A processor on an integrated circuit.

Image Source: Getty Images.

A small fish in a big pond

Intel (INTC 0.61%) is the 800-pound gorilla in the server chip market, holding a monopoly-like position back in 2016 with a 99% share. So AMD was almost nonexistent in this market a couple of years ago. But the script started changing last year after the launch of AMD's EPYC server chips.

AMD has struck partnerships with several notable tech names that have agreed to use its EPYC server chips. Late last year, top cloud service providers including Baidu and Microsoft selected the company's EPYC chips for commercial deployment in their data centers. Additionally, OEM (original equipment manufacturers) partners including Dell, Acer, and Asus have been bringing EPYC-powered server systems into the market.

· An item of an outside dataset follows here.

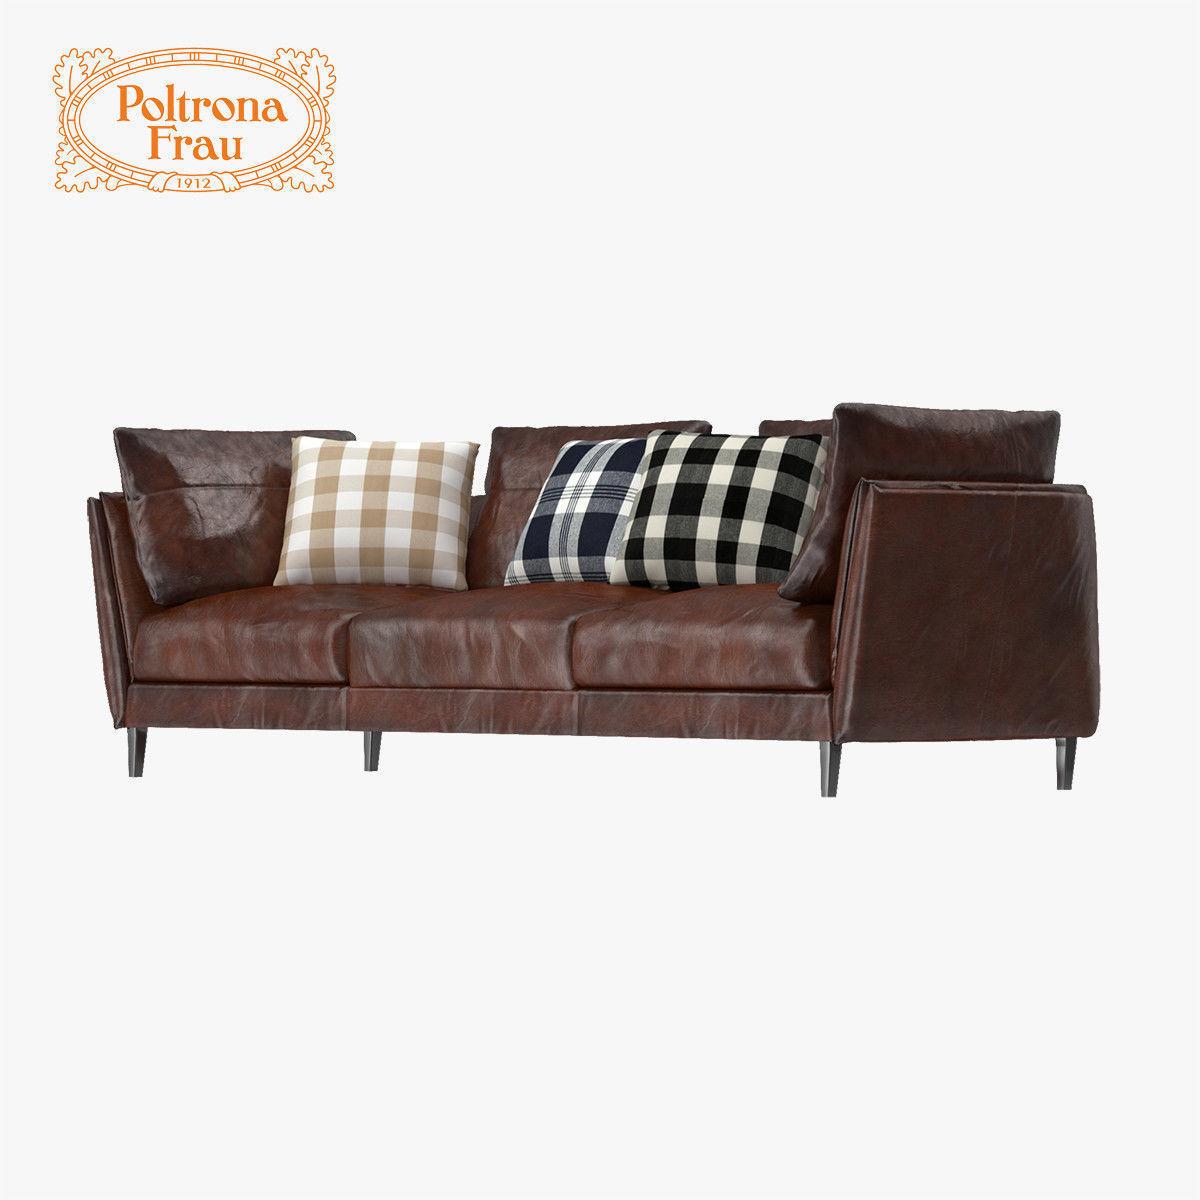 poltrona frau sofa review blue sofas living room bretagne 3d model max obj fbx mtl cgtrader

In fact, AMD now has more than 40 EPYC-based platforms in the market and the number is likely to go up thanks to the company's latest design win. Networking equipment giant Cisco is now offering the EPYC 7000 series processors into its UCS series servers. Thanks to this deal, AMD now counts three of the top four server vendors as its clients, with Dell and Hewlett-Packard Enterprise being the other two.

These vendors control around 43% of the global server market, and all of them have launched EPYC-based systems. As such, it isn't surprising to see AMD is confident of scoring a mid-single-digit market share of the server chip market by the end of the year.

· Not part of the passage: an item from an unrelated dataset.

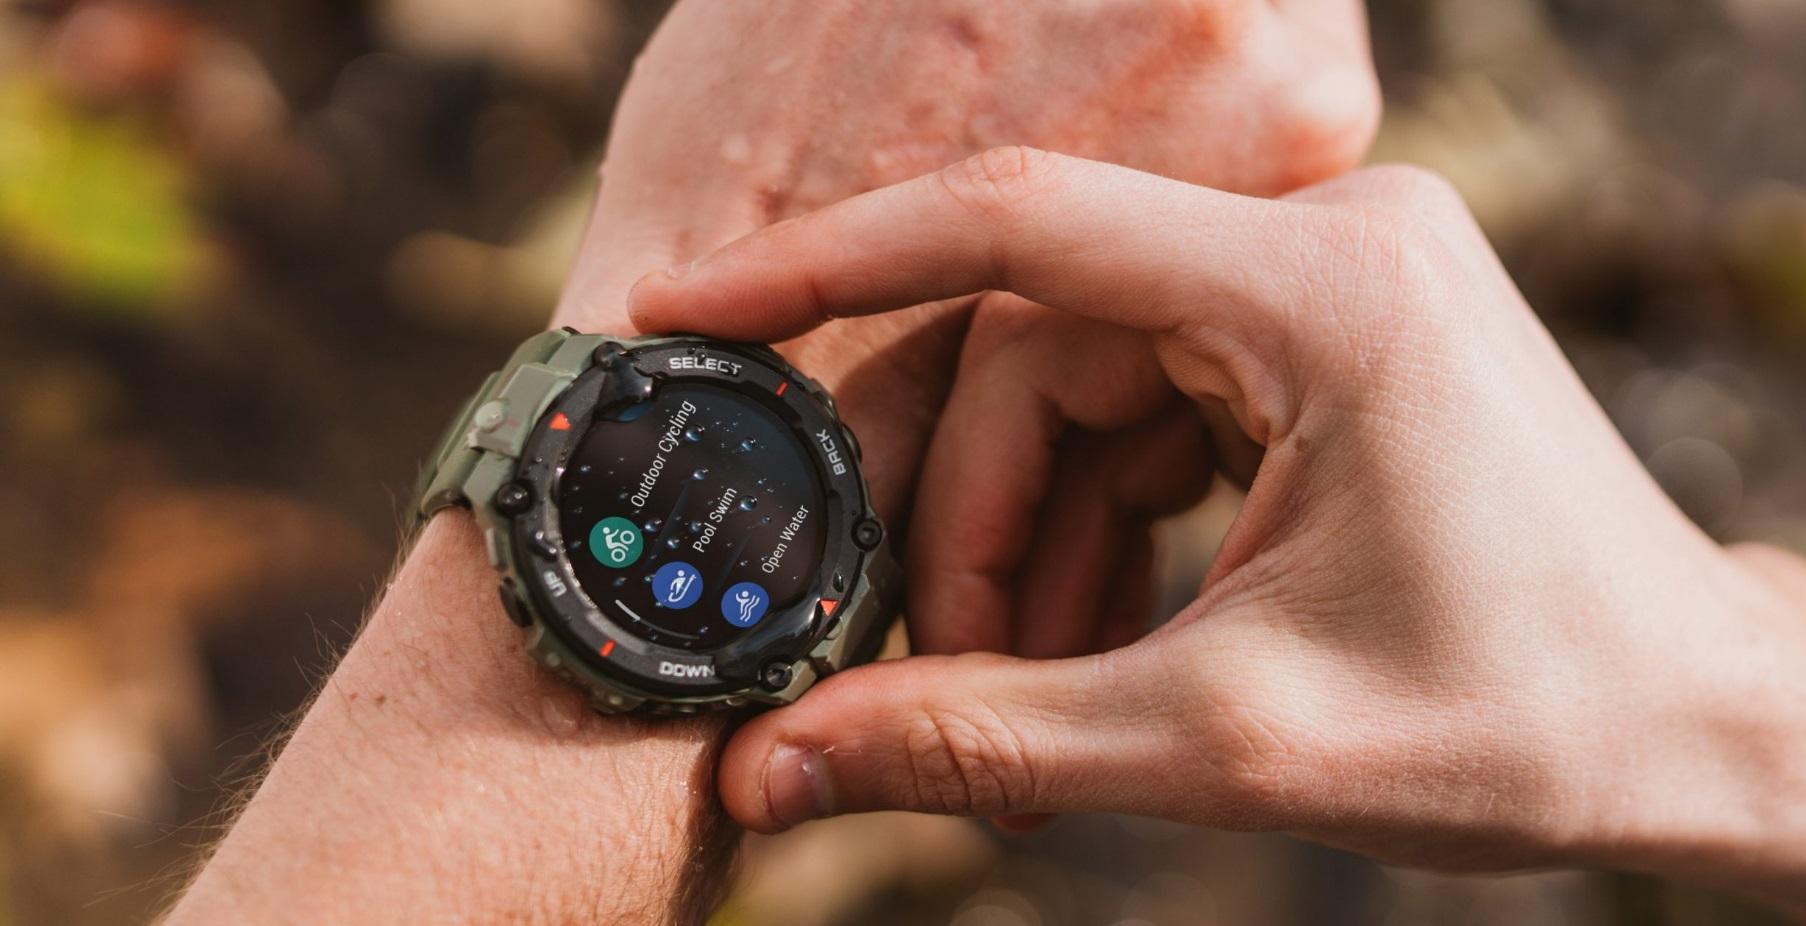 Chytré hodinky a vysavač od Xiaomi v akci! [sponzorovaný článek]

AMD will remain a small fish in this pond, but the massive size of the server market means that such a small gain could translate into a big financial windfall for the company.

A big financial impact

Intel's server chip business was worth $17.2 billion back in 2016 when it controlled almost all of this market. Chipzilla's revenue from this business swelled to $19.1 billion last year and is on track to hit nearly $22 billion in 2018, according to Wall Street estimates.

Assuming that AMD is able to carve a 5% share of this market as it originally expects, it would generate around $1.1 billion in revenue from this segment this year. It was generating almost nothing from this market just a couple of years ago when there was no EPYC.

AMD's 2017 revenue stood at $5.3 billion, so server chips could give its top line a 20% boost this year. But the company has its sights set on the bigger prize, as it is looking to eventually corner a bigger share of this market with its second-generation server chips.

AMD is expected to launch the next-gen server chips, based on a 7nm manufacturing process, sometime next year. As such, it looks all set to steal a march over Intel -- which has delayed its competing 10nm platform yet again, this time to 2019 -- so chips based on this platform won't be hitting the market until 2020 at least.

This turn of events shouldn't surprise many as AMD controlled 20% of the server chip space back in its heyday in 2007.

Servers could be AMD's savior

AMD's GPU business has been on a roll over the past few quarters, but that's not because of the company's cutting-edge product development. NVIDIA still has the superior GPU technology, and its focus on catering to the gamer population means that it can reclaim its lost market share once the cryptocurrency demand comes to an end.

This is why AMD's rising clout in the server market will be crucial to its long-term growth. AMD has a great opportunity to eat into Chipzilla's market share with the help of a solid alternative at competitive prices, and its recent partnerships seem to suggest it is succeeding on this front.